Trump made revamping America’s overseas trade relations a key part of his presidential campaign, when he singled out KORUS FTA as a “job-killing,” “horrible” deal. And Trump may be especially motivated to put a dent in KORUS FTA: The Daily Beast reported that Trump was instructed by a close advisor to focus on scrapping KORUS FTA due to the comparative difficulty of pulling out of the North American Free Trade Agreement (NAFTA) with Mexico and Canada. (But now it seems he is still bent on undoing NAFTA.)

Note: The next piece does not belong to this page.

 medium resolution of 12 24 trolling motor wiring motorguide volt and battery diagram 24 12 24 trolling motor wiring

South Korean Trade Minister Kim Hyun-chong and U.S. Trade Representative Robert Lighthizer agreed on Oct. 10 to start the process of negotiating an amendment to the deal. The South Korean presidential office has insisted that before the renegotiations begin in earnest, an economic feasibility study, public hearings and reports to the National Assembly will all be carried out. In an Oct. 8 briefing, presidential spokesperson Park Soo-hyun pledged not to “wave the white flag.”

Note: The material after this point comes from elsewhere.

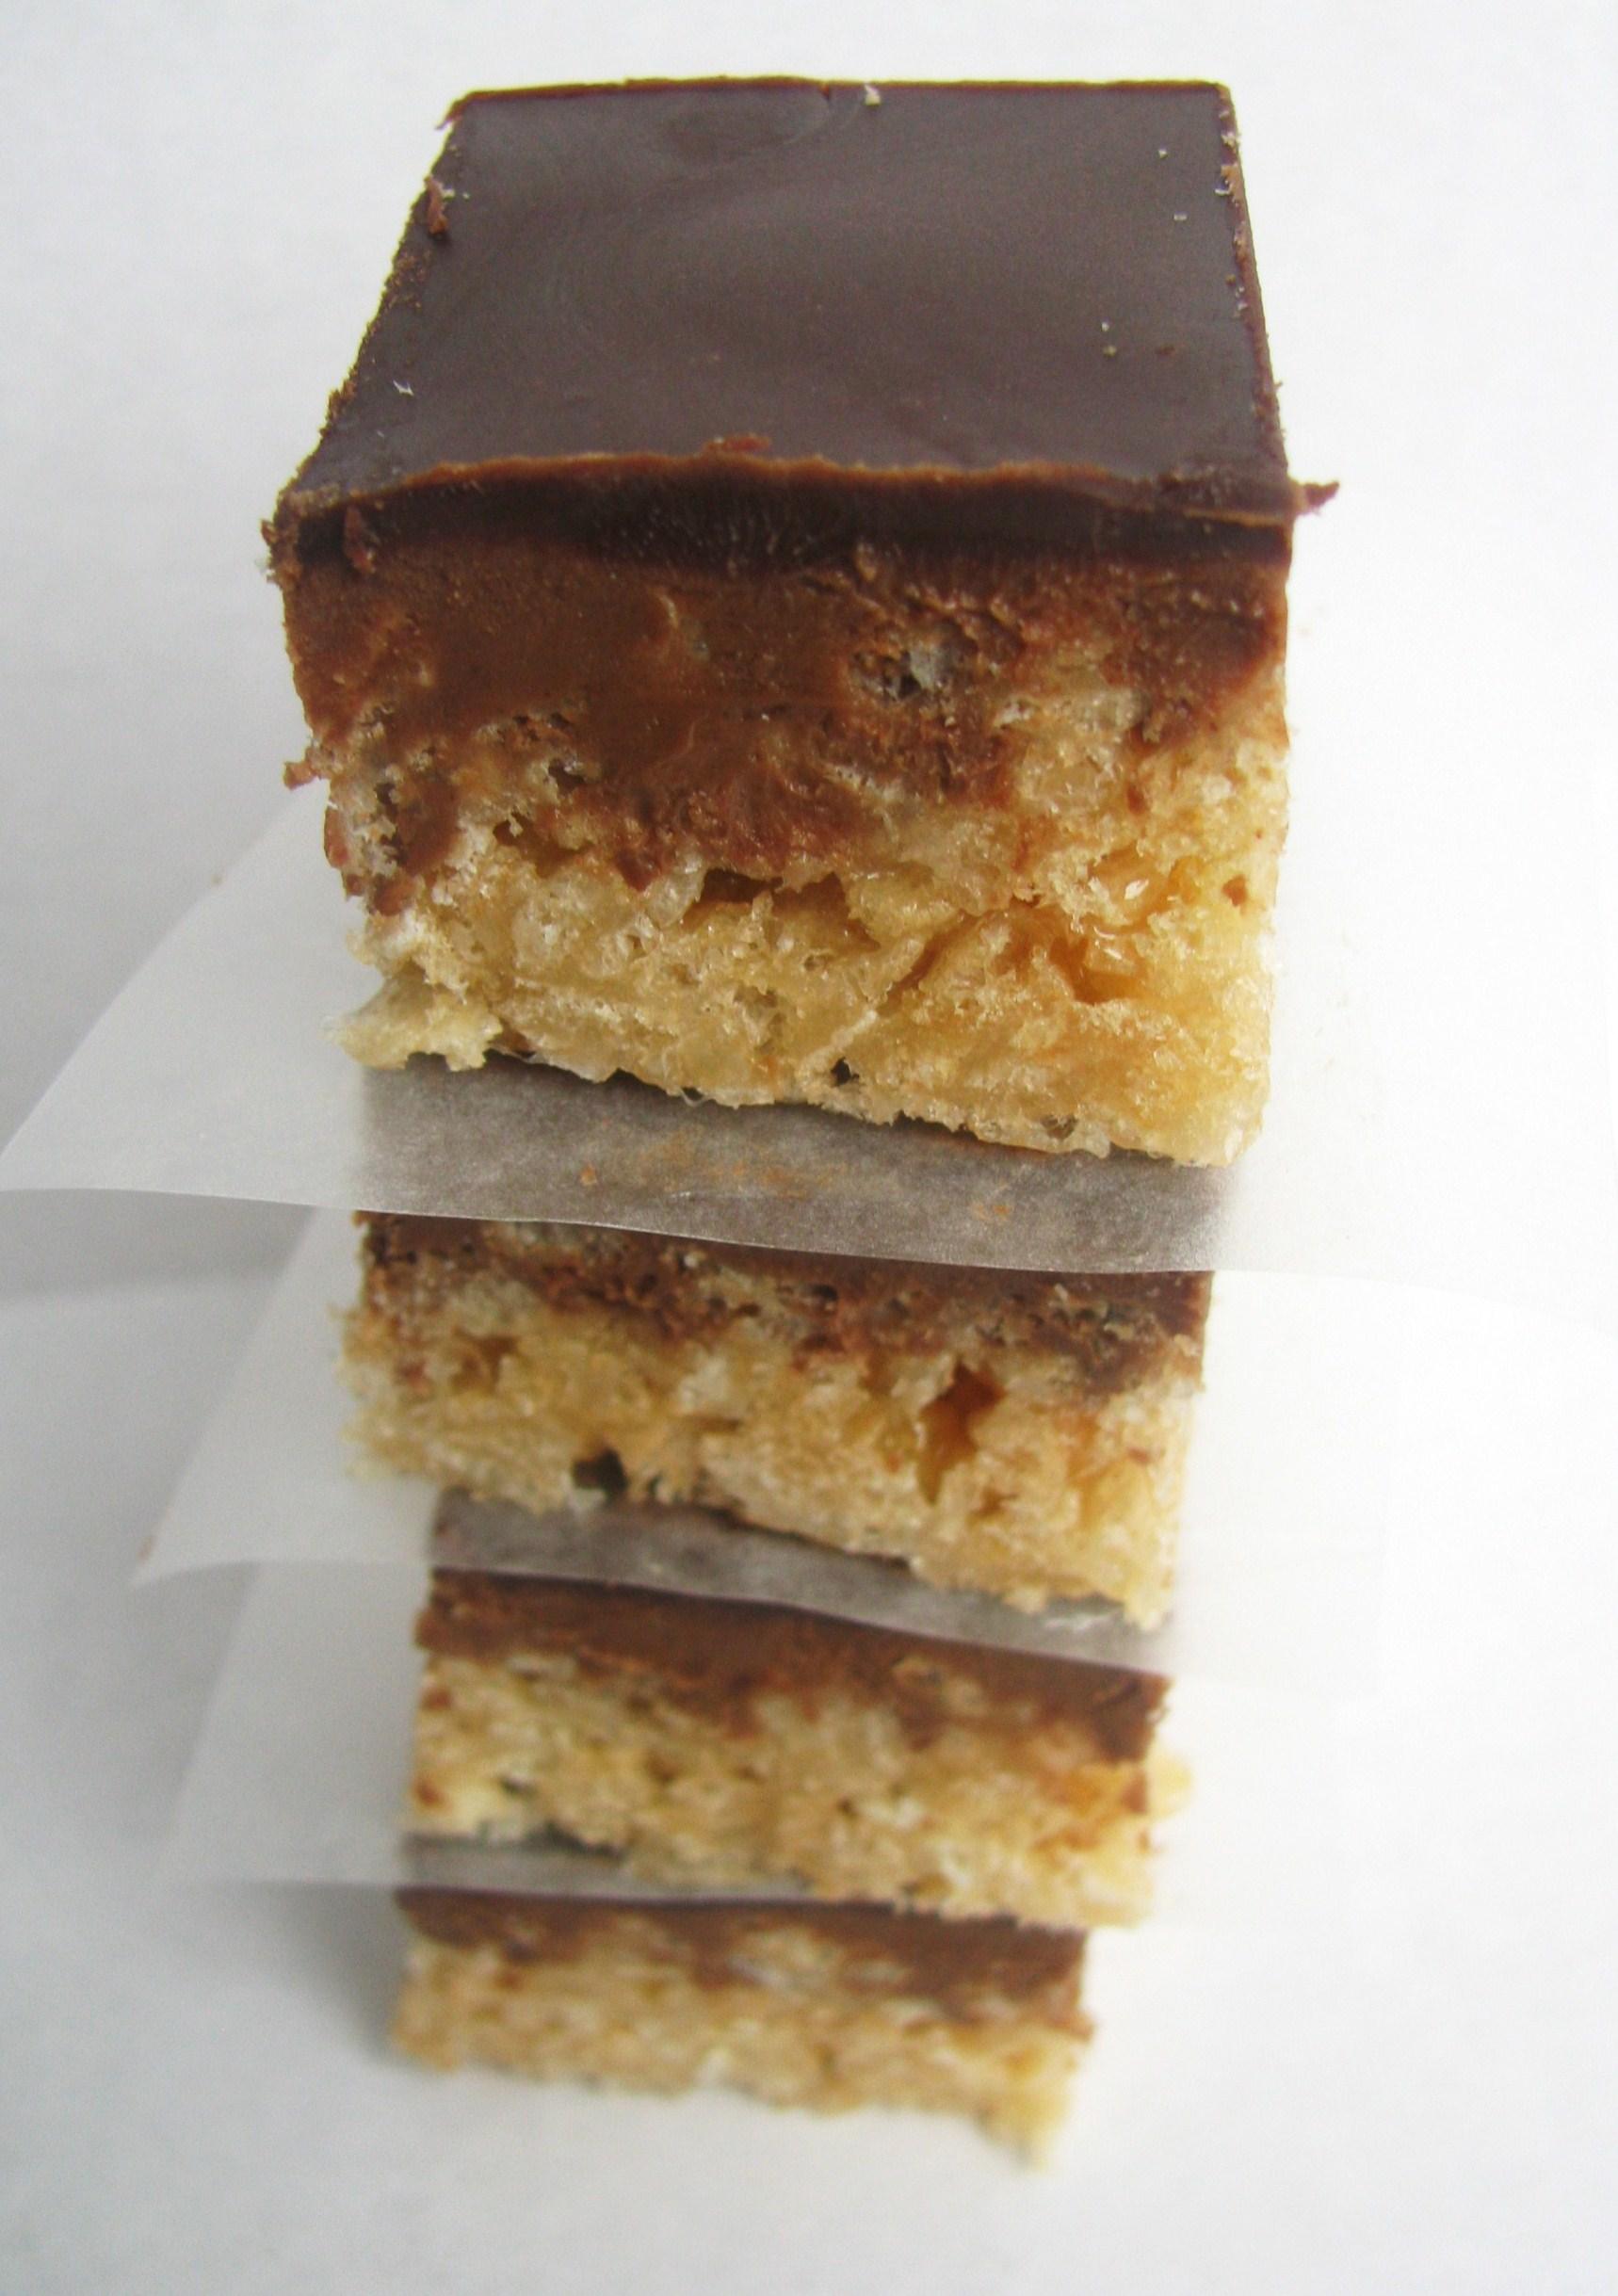 Peanut Butter Chocolate Crispy Bars | Stick a Fork in It

Faced with the possibility of the U.S. pulling out of the deal, it is possible that the Moon government thought it prudent to agree to talks on revising KORUS FTA. Donald Trump is set to visit South Korea next month as part of an Asian tour, and free trade is likely to be be a topic of discussion.
Just how bad, or good, is it?
In an Aug. 17 press conference marking his hundredth day in office, Moon pledged to remain firm in talks with the Americans and attempted to downplay the U.S. initiation of renegotiations, saying, “It’s not very healthy to react to the U.S.’s demand to renegotiate the FTA like it’s some immediate, major crisis.”
But whatever reassurance Moon offers, the impact of any change to the agreement is bound to be significant for the South Korean economy.
Chia Shuhui, a Senior Analyst at BMI Research, told Korea Exposé:
It appears that the main issues for negotiations will be auto and steel regulations, market access in the technology sector, intellectual property issues, and the agricultural sector.”
KORUS FTA was designed to gradually dismantle nearly all duties on trade between the two countries. According to the U.S. Department of Commerce, “Under the KORUS Agreement, over 95 percent of bilateral trade in consumer and industrial products would become duty-free within five years of the date the agreement enters into force, and most remaining tariffs would be eliminated within 10 years.”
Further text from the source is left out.